Особо стоит отметить работу под номером 16: «Утренний отдых греческого атлета». Картина является собственностью художницы и представляет собой лирическую композицию, перед которой ценители старых традиций, возможно, укоризненно вскинут брови. Это удивительно откровенная, чувственная ода, воспевающая…
Далее текст был обрезан, и Марк остался один на один со своими спутанными, окончательно не оформленными чувствами. Он еще раз прочитал статью, чрезвычайно довольный тем, что Сторма вернула себе девичью фамилию, которой стала подписывать свои работы. Потом аккуратно сложил вырезку, сунул себе в бумажник и продолжал сидеть в кресле, уставившись в стену, пока не заснул.
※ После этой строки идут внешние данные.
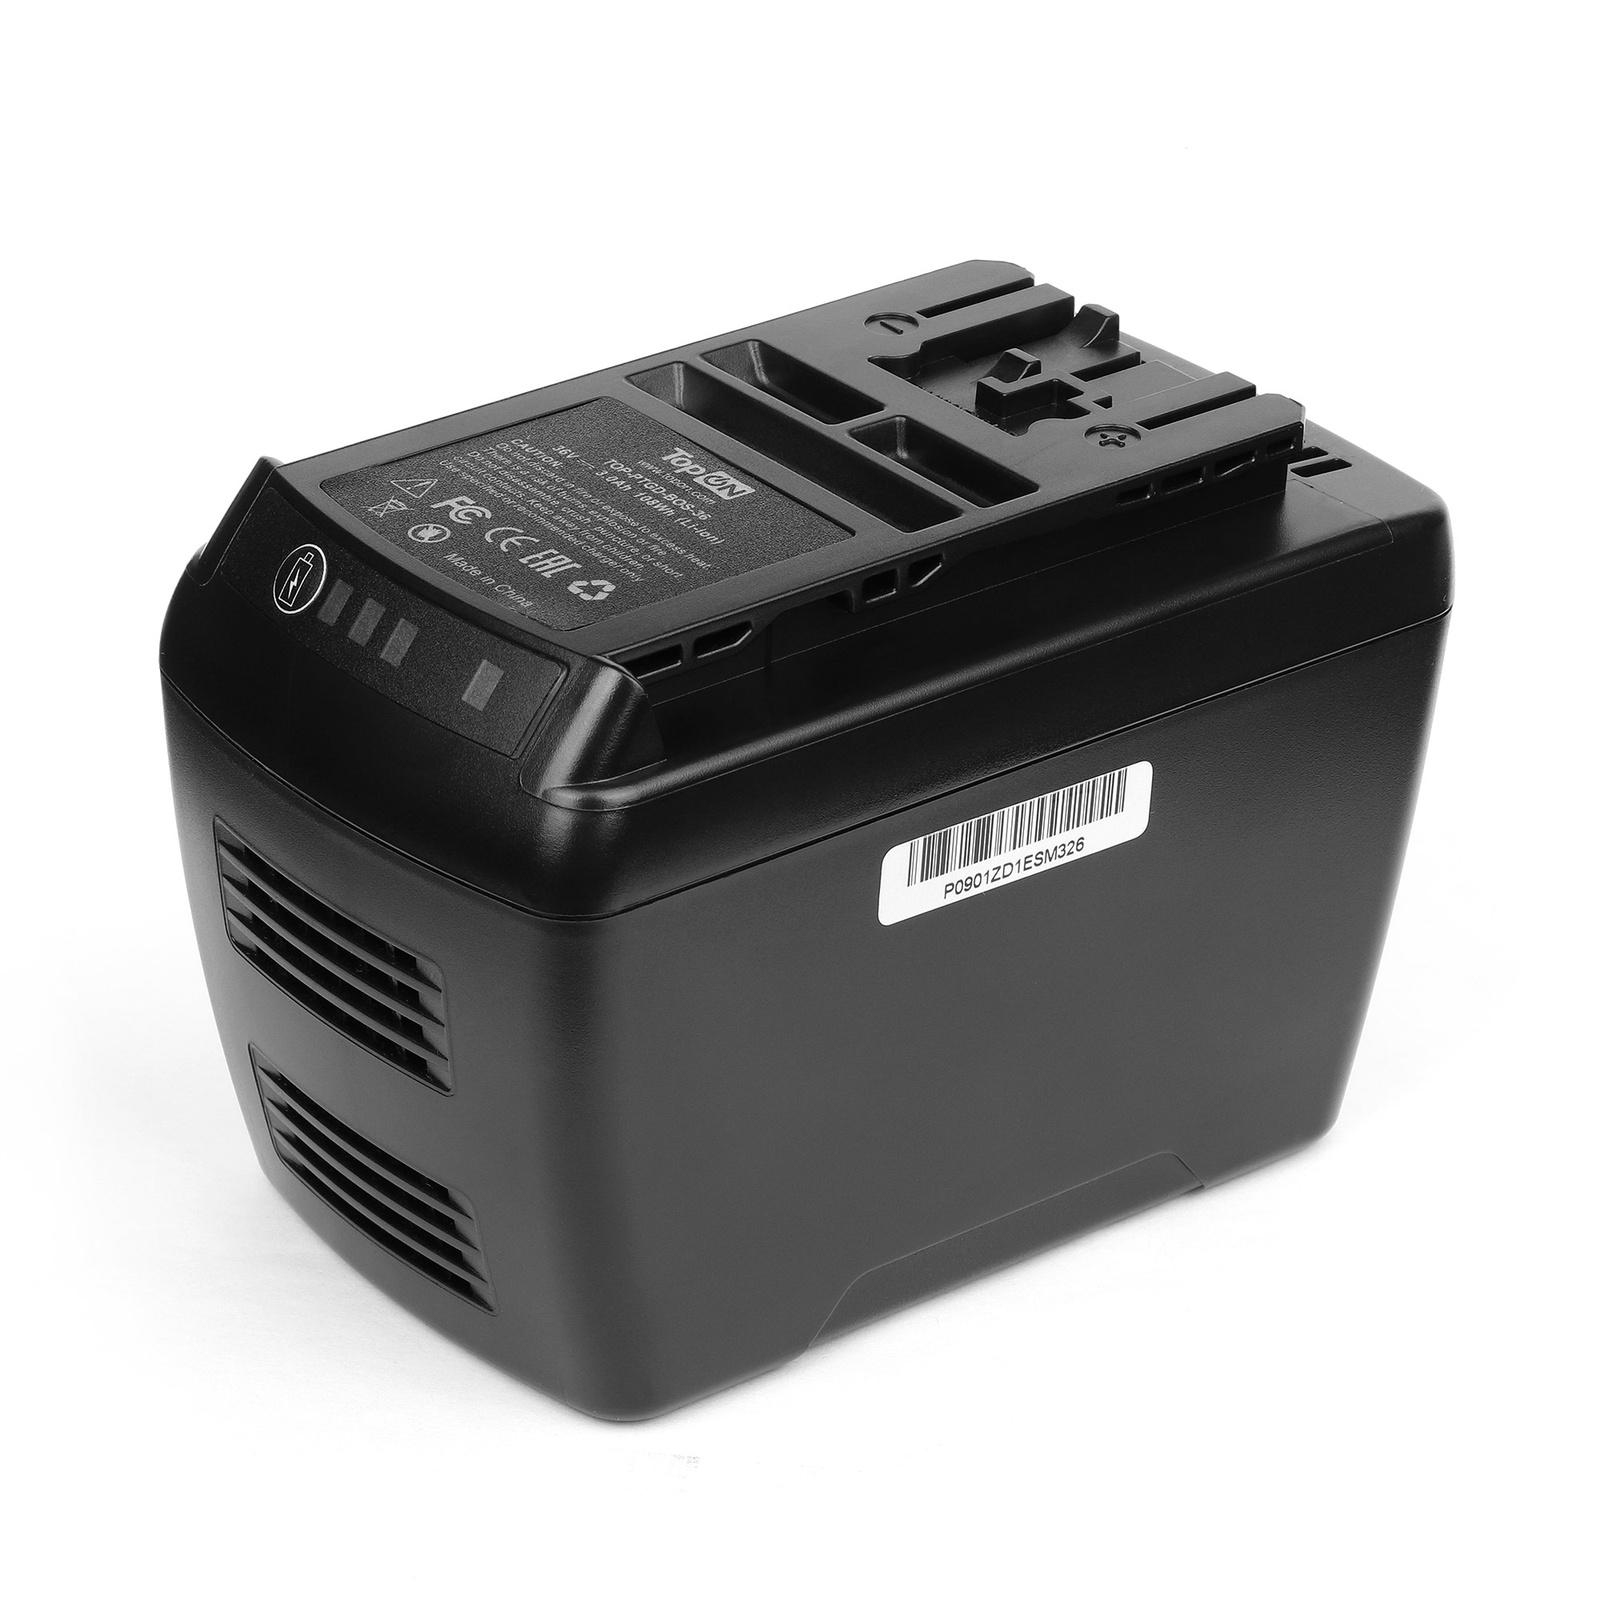 Аккумулятор для инструмента TopON TOP-PTGD-BOS-36

Юная зулуска, с виду не более шестнадцати лет, открыла дверь домика. Она была одета в белый хлопчатобумажный пыльник – характерное платье для няньки, а на бедре у нее восседал маленький Джон.
И нянька, и мальчишка рассматривали Марка огромными серьезными глазами, но когда Марк обратился к девушке на зулусском, которым владел свободно, она явно почувствовала облегчение.
Услышав голос Марка, Джон что-то взволнованно залопотал. Это могло означать, что он узнал Марка, но, скорее всего, мальчонка просто дружески приветствовал незнакомого дядю. Он тут же принялся весело подпрыгивать на нянькином бедре, да так энергично, что ей пришлось быстро подхватить его, чтобы он не спорхнул на пол или не взлетел, как ракета, к потолку.
Джон протянул ручонки к Марку, со смехом и с криками болтая на своем языке, и Марк взял его на руки, тепленького, извивающегося и пахнущего материнским молоком и еще бог знает чем, как всякий ребенок. Джон немедленно вцепился Марку в волосы и попытался вырвать клок с корнем.
Через полчаса Марк вернул его луноликой маленькой няньке и направился по крутой тропинке к берегу моря, а в спину ему неслись негодующие вопли Джона, которые постепенно затихли.
Чуть повыше самой высокой отметки прилива Марк скинул обувь и рубаху и бросил лежать на песке, а сам повернул на север и, оставляя следы босых ног, пошел по твердому влажному песку, на который накатывались волны.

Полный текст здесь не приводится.